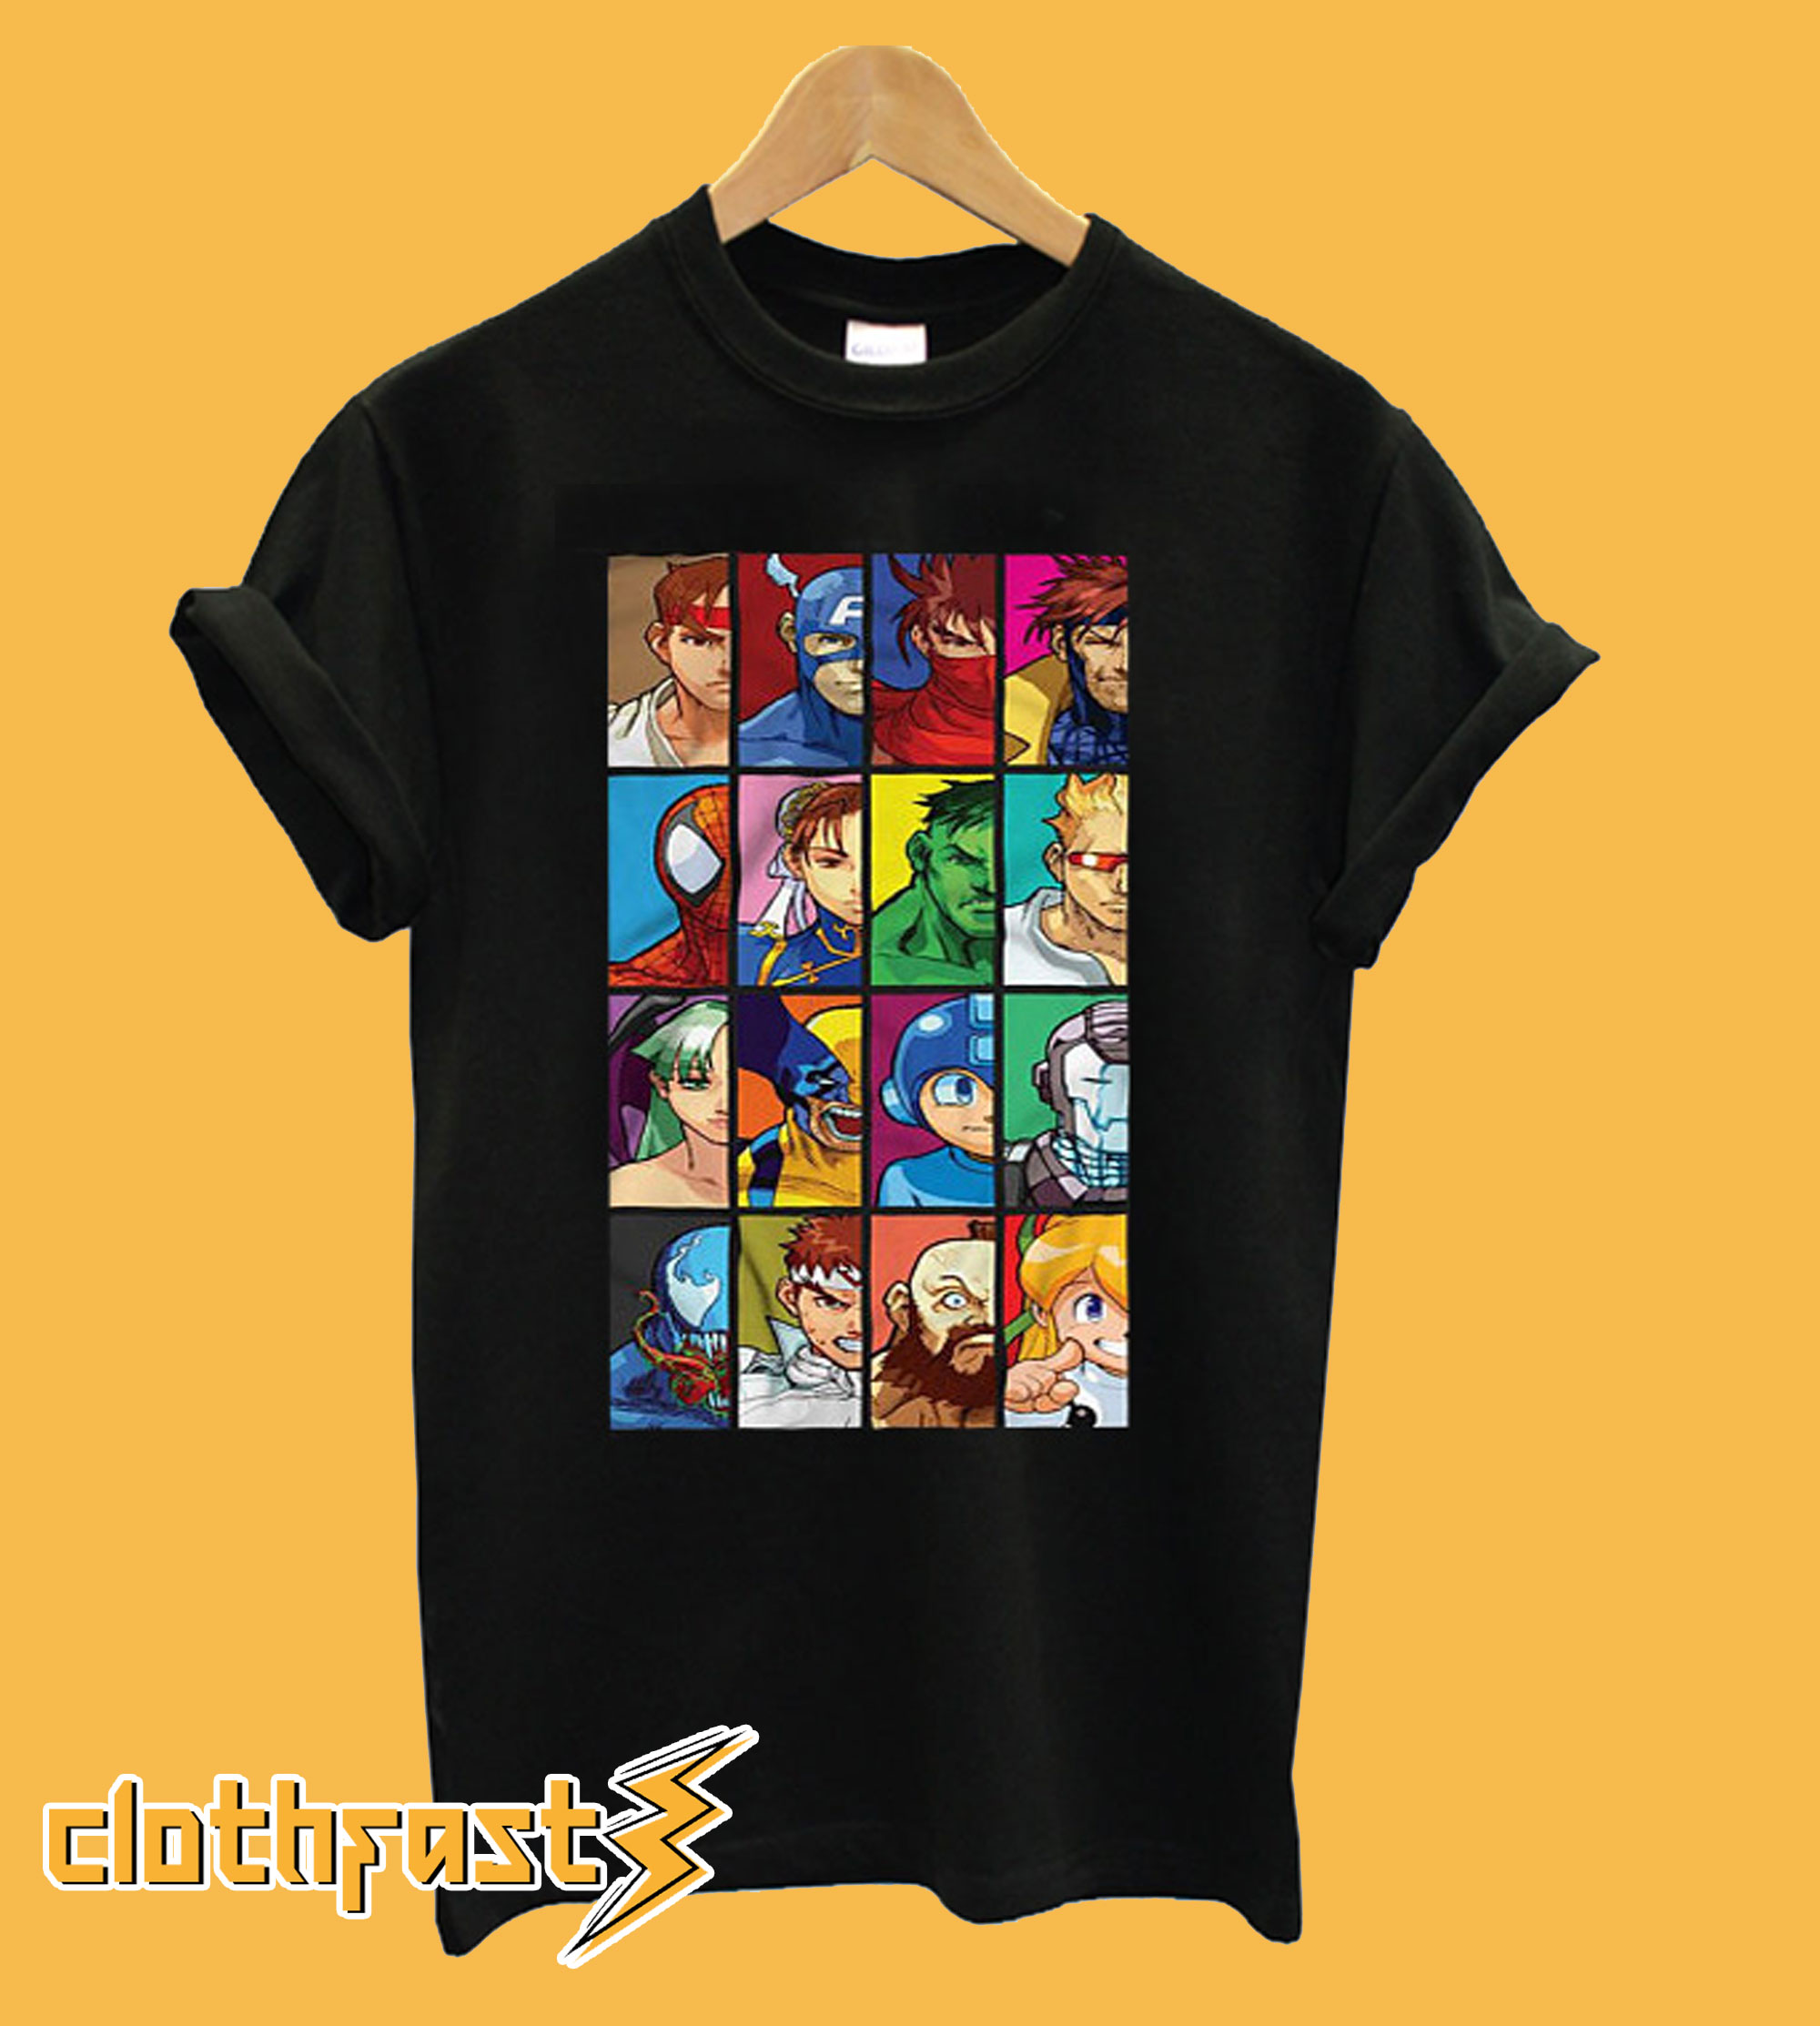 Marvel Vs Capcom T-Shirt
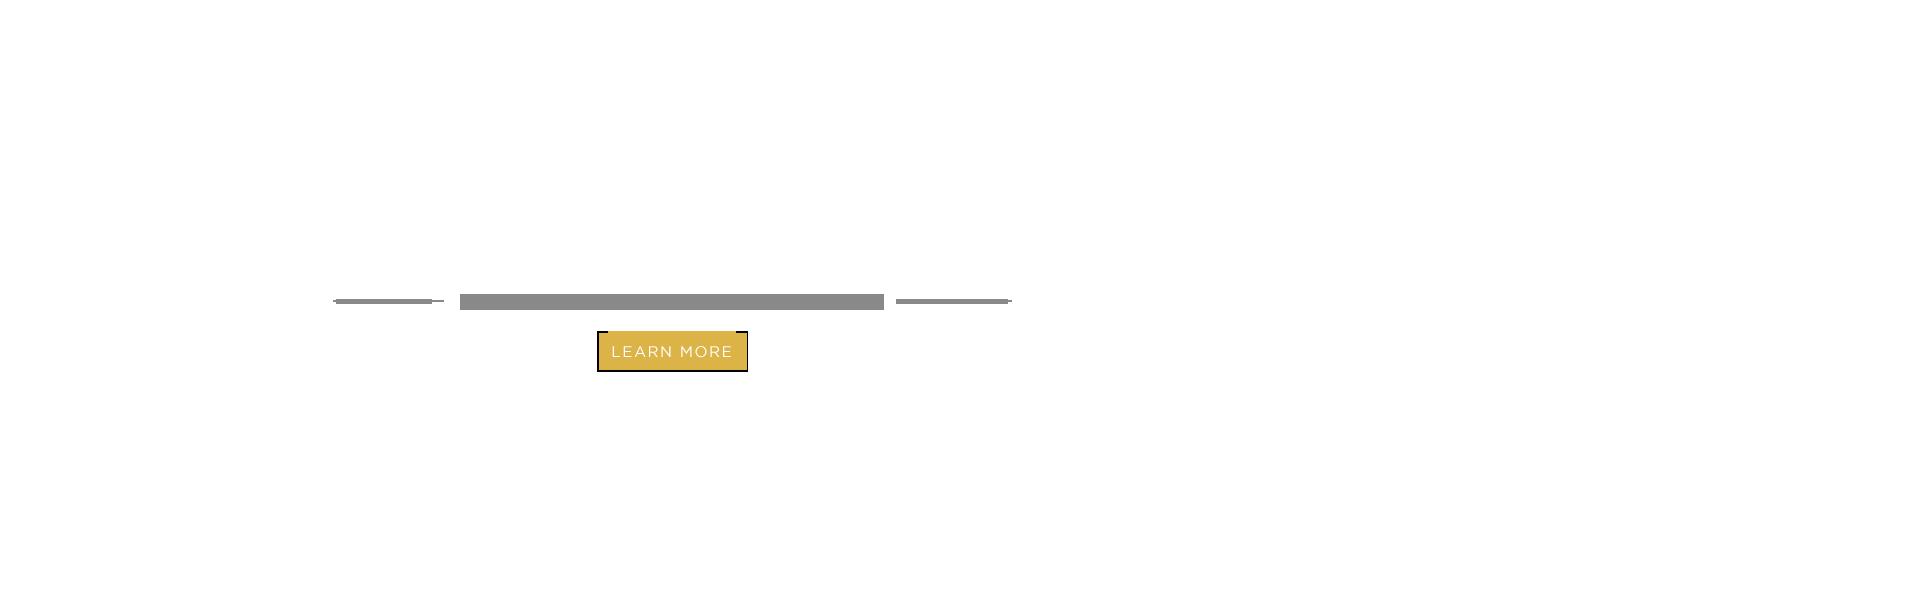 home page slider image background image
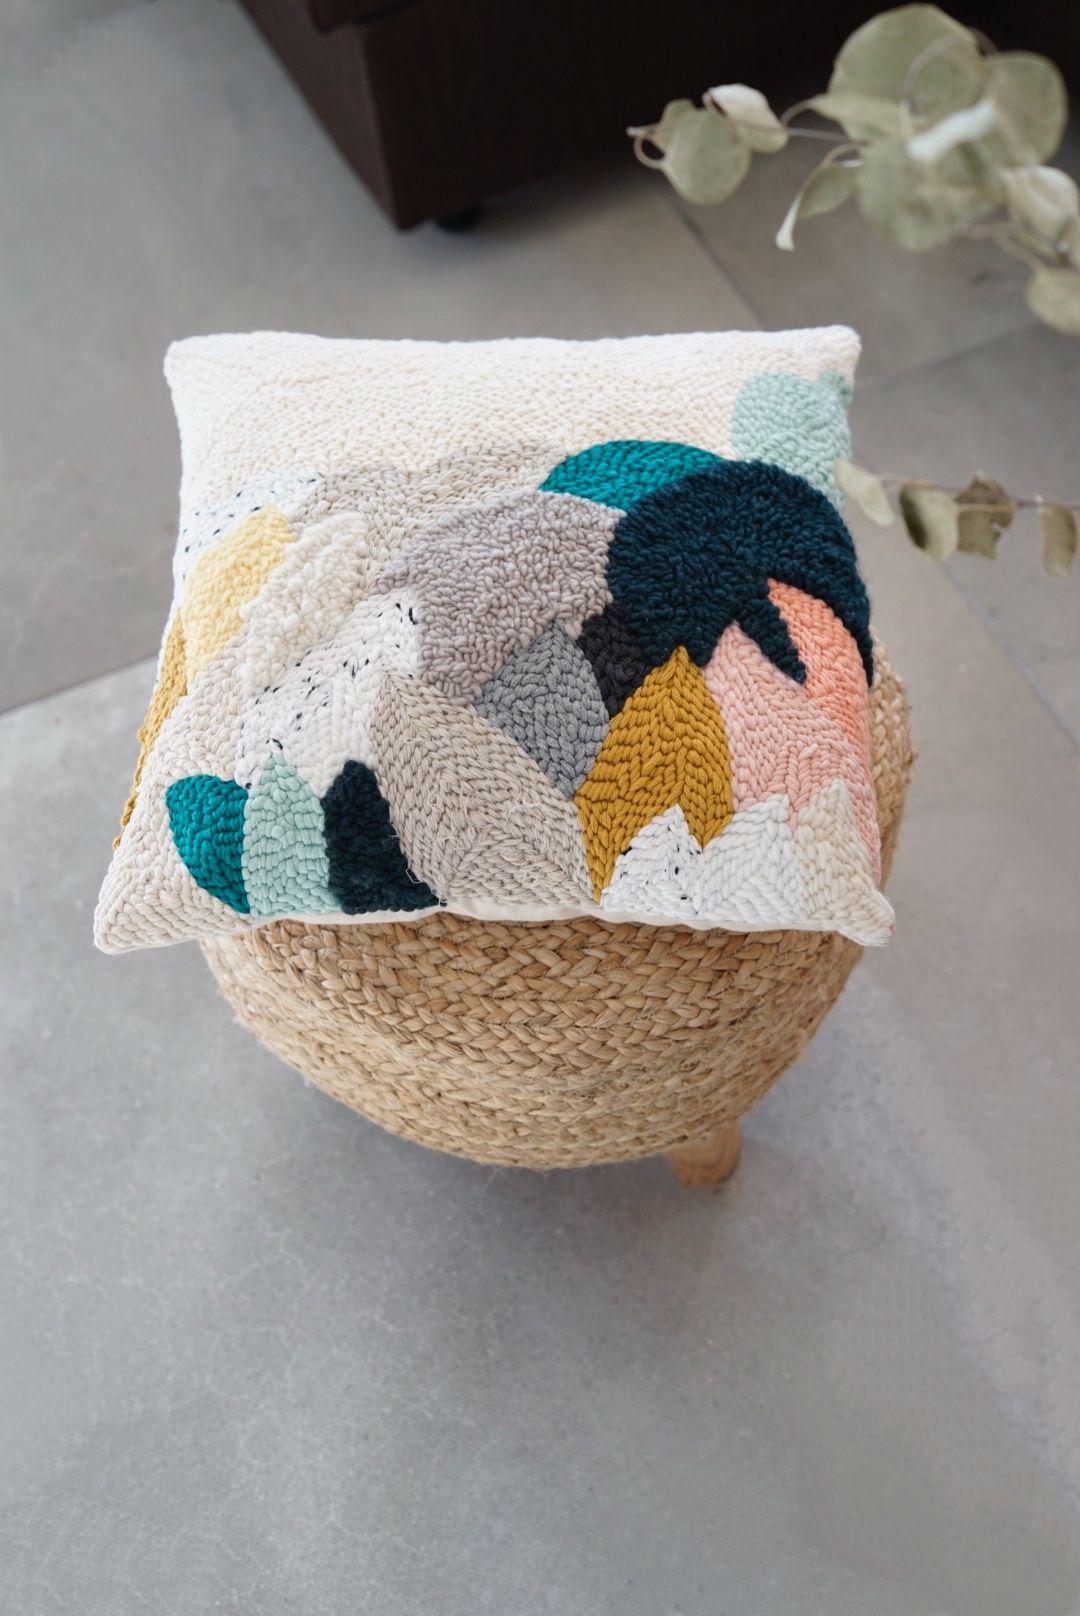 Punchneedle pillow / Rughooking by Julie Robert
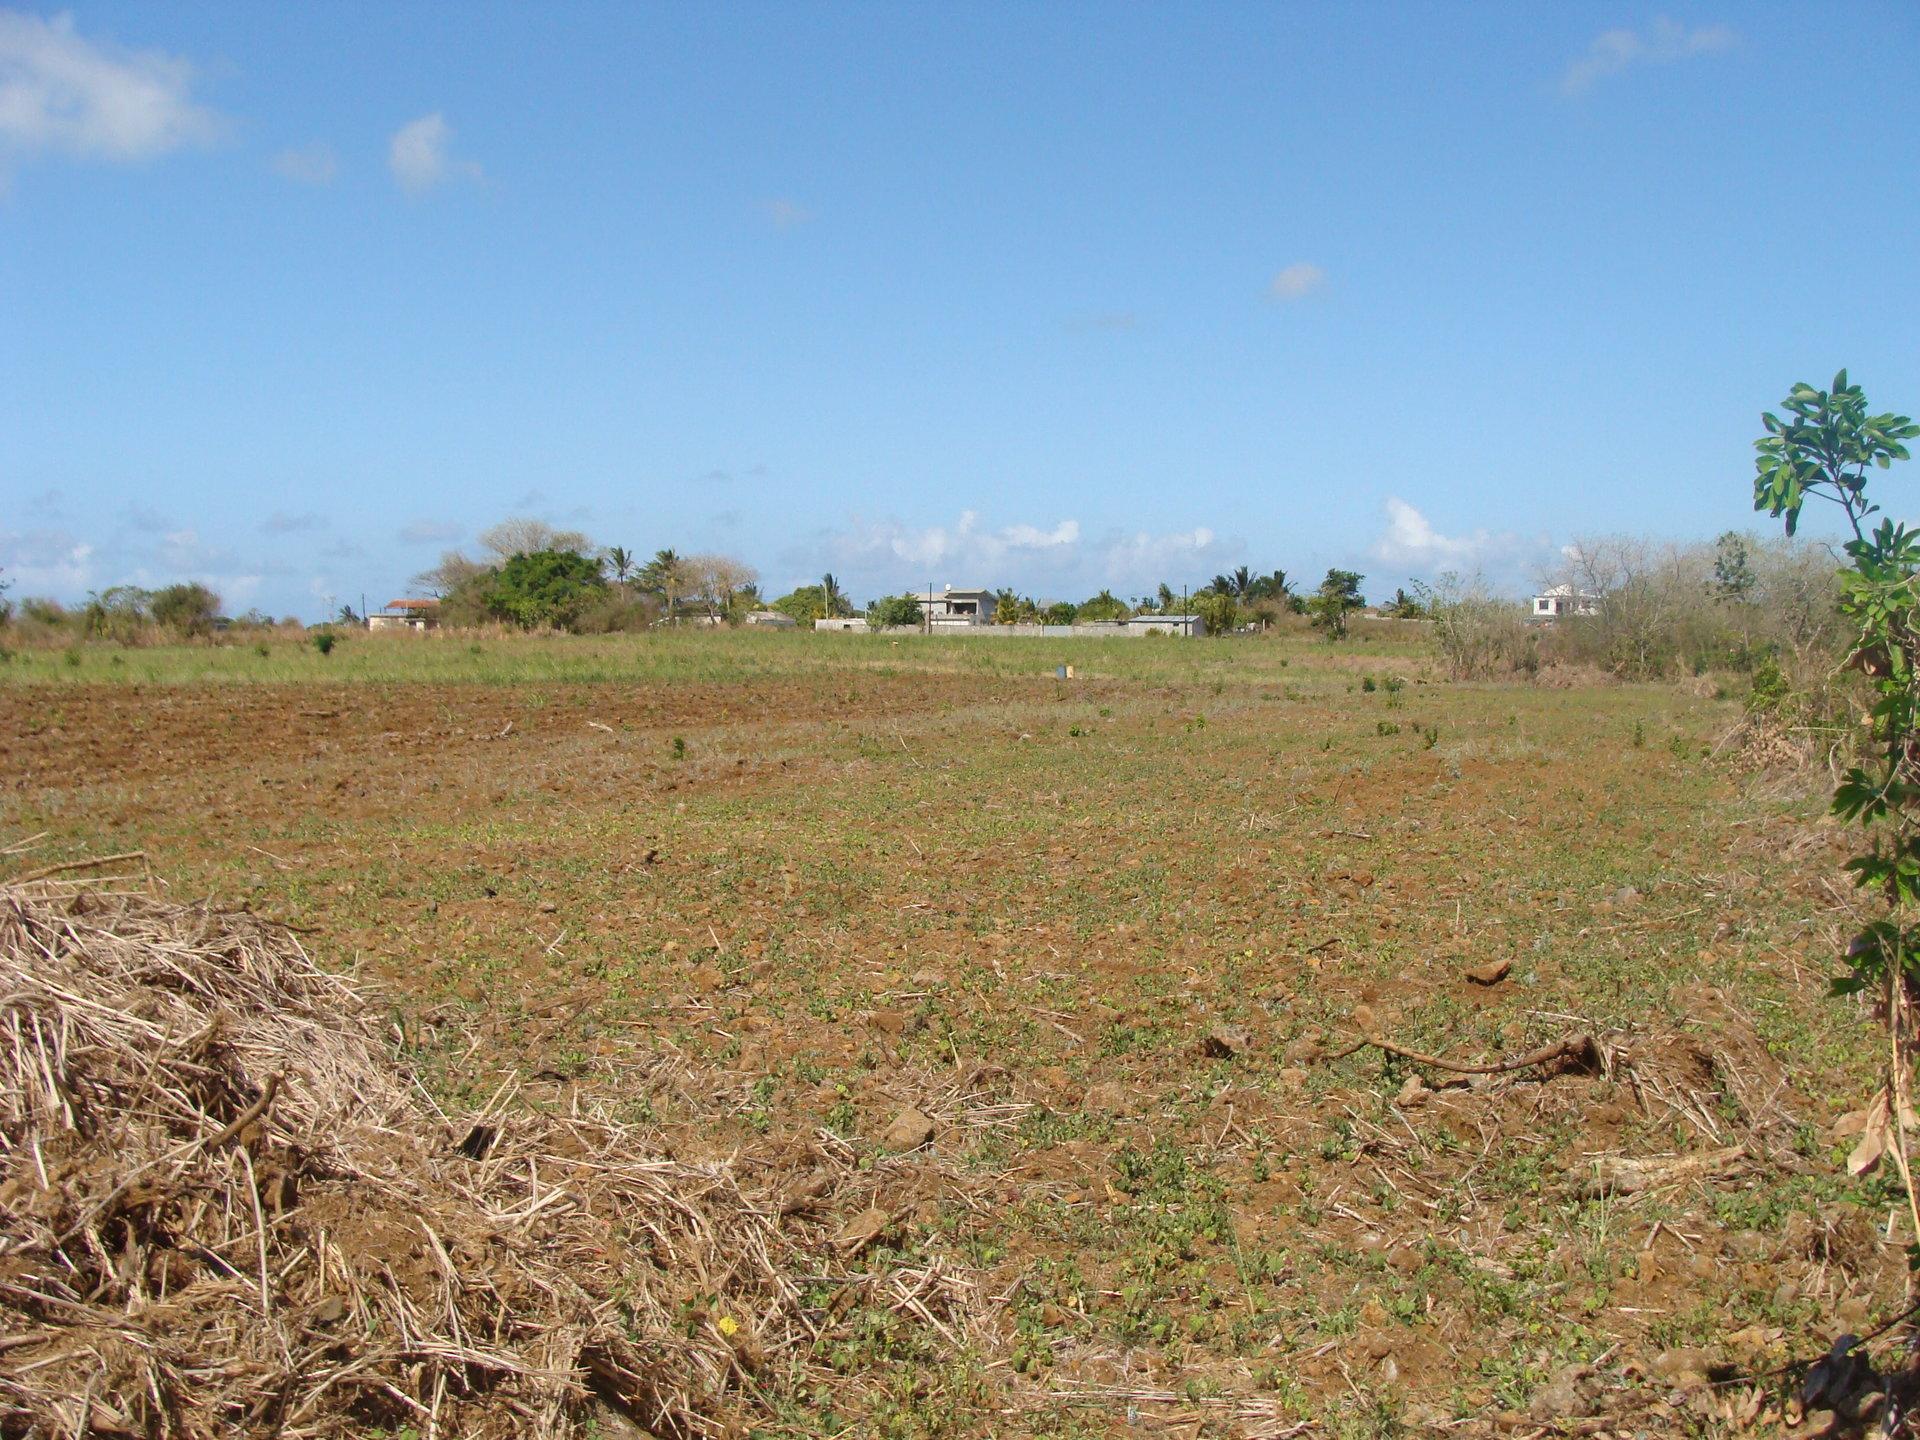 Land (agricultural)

_WHAT NEEDS TO BE DONE_. Set the data above down again exactly as given, with no pictures.

_RESPONSE TO THE TASK_.
 Marvel Vs Capcom T-Shirt
 home page slider image background image
 Punchneedle pillow / Rughooking by Julie Robert
 Land (agricultural)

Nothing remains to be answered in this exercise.